General Laws c. 30, § 61, provides in part, “All agencies, departments, boards, commissions and authorities of the commonwealth- shall review, evaluate, and determine the impact on the natural environment of all works, projects or activities conducted by them and shall use all practicable means and measures to minimize damage to the environment.”
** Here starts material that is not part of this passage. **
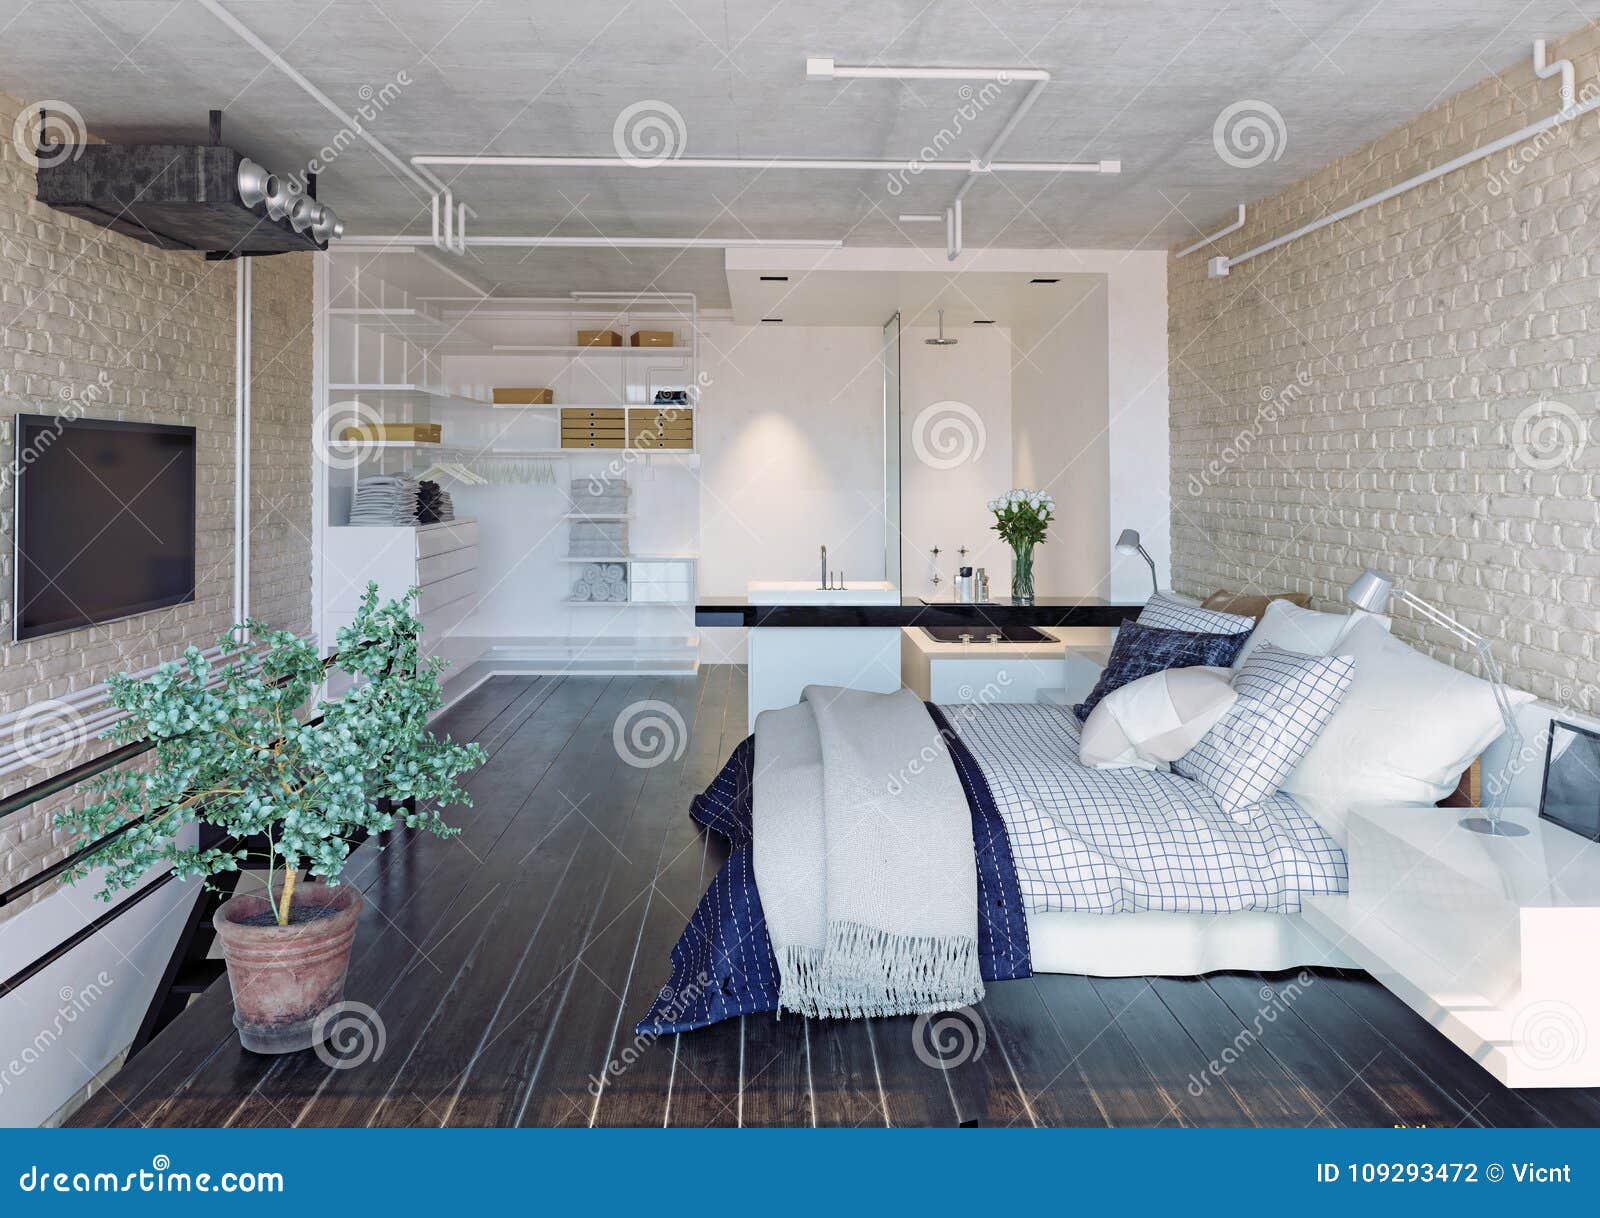 Modernes Dachboden Schlafzimmer Stock Abbildung

Cummings arose under G. L. c. 214, § 7A, not c. 231A. Section 7A offers a statutory remedy to ten persons domiciled in Massachusetts for claims of “damage to the environment” without the necessity of establishing further the standing of the plaintiffs. The section permits a civil action brought by such persons upon allegations that damage to the environment is occurring or is about to occur. The Superior Court may restrain the person causing or about to cause such damage provided that the offending conduct is a violation of a statute, ordinance, by-law, or regulation. The complaint in this case does not allege an entitlement to the remedies provided by § 7A. Such an attempt would, in any event, be futile. It is settled that § 7A is not available in a suit against the Secretary in connection with her administration of MEPA. See Walpole v. Secretary of the Exec. Office of Envtl. Affairs, 405 Mass. 67, 71 (1989). Walpole also holds that the acts of the Secretary in merely administering MEPA are not subject to review by certiorari under G. L. c. 249, § 4. Id. at 72-73.

What emerges is that § 7A may be seen as offering parallel relief to c. 231A, although the parties will be different.

See note 13, supra, describing the action authorized by G. L. c. 214, § 7A, which is designed to permit judicial intervention in cases where the environmental damage is imminent. There is no claim of imminent damage in this case.

No doubt the plaintiffs could await the imminent construction of the town’s project, and then bring suit against the town under G. L. c. 214, § 7A. If, as we must assume, the plaintiffs’ claims are meritorious, it would make no sense to permit the town to go forward with a complex project that is doomed at the outset. More important is that here, the administrative process has been exhausted, see note 2, supra, and to require the plaintiffs to await the imminent construction of the project would have a serious adverse effect upon the credibility and importance of the administrative review process — a process which, as we have stated, is critical to the desired outcome of protecting the environment.

It is important to emphasize at this point that we have only the bare bones of the record of the controversy before us. We have neither the environmental impact statement nor the Secretary’s certificate, and we have not considered the merits of the plaintiffs’ claims regarding those documents. It may be that a motion for summary judgment on an amplified record, or a trial on the merits, would yield a different understanding of the case. As matters stand, however, we are confined to the narrow issues presented by an appeal from the allowance of a motion to dismiss.